As far as photography is concerned, there is only one example on view, an illustration by Julia Margaret Cameron commissioned by her neighbor Tennyson for his Idylls of the King.  Cameron was an exceptional photographer - I posted last fall a review of an exhibit of her work also held at the Met Museum - and it is a shame that she should be represented here by such a mawkish piece.  (Curiously, the photo on display is not that shown on the museum's website.)  Much more interesting are two portraits which are not hung at the show but are contained in the museum's printed flyer for it.  These are a dual portrait from 1890 of Morris and Burne-Jones taken by Frederick Hollyer and an evocative 1863 portrait of a seated Rossetti taken by Lewis Carroll.

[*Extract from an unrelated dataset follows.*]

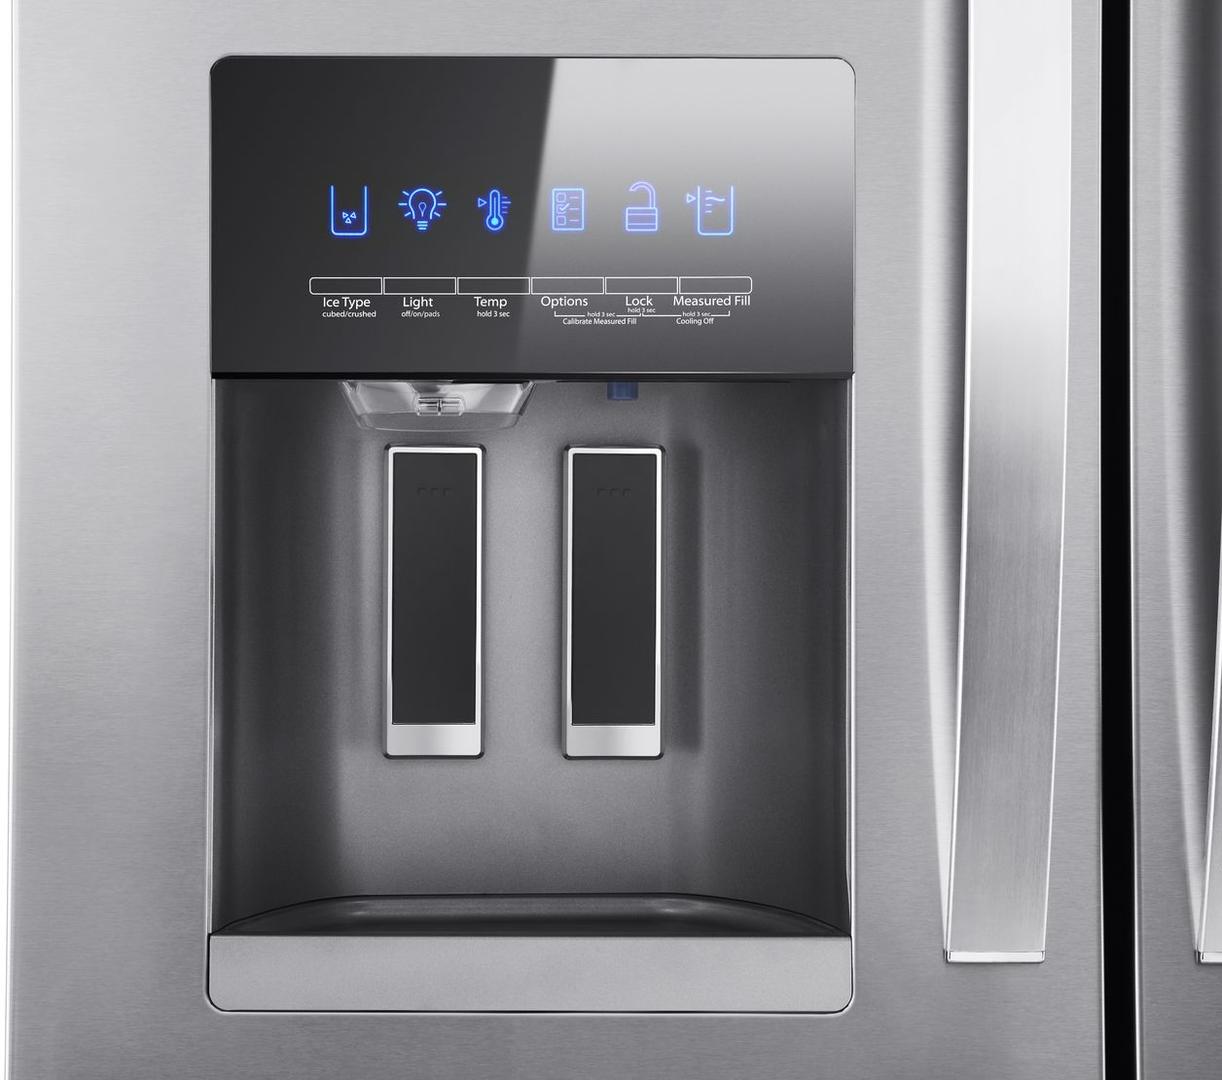 36" 25 Cu. Ft. French Door Refrigerator - Fingerprint Resistant Stainless Steel - WHIRLPOOL - WRX735SDHZ

The works on display that deserve the greatest attention are those related to the Arts and Crafts movement.  Among these are Burne-Jones' tapestry Angeli Laudantes (1898), two ceramic plates by William de Morgan and the textile hanging Bird (1878) by William Morris.  The show would have benefited greatly by the inclusion of more such craftwork.

The exhibit continues through October 26, 2014.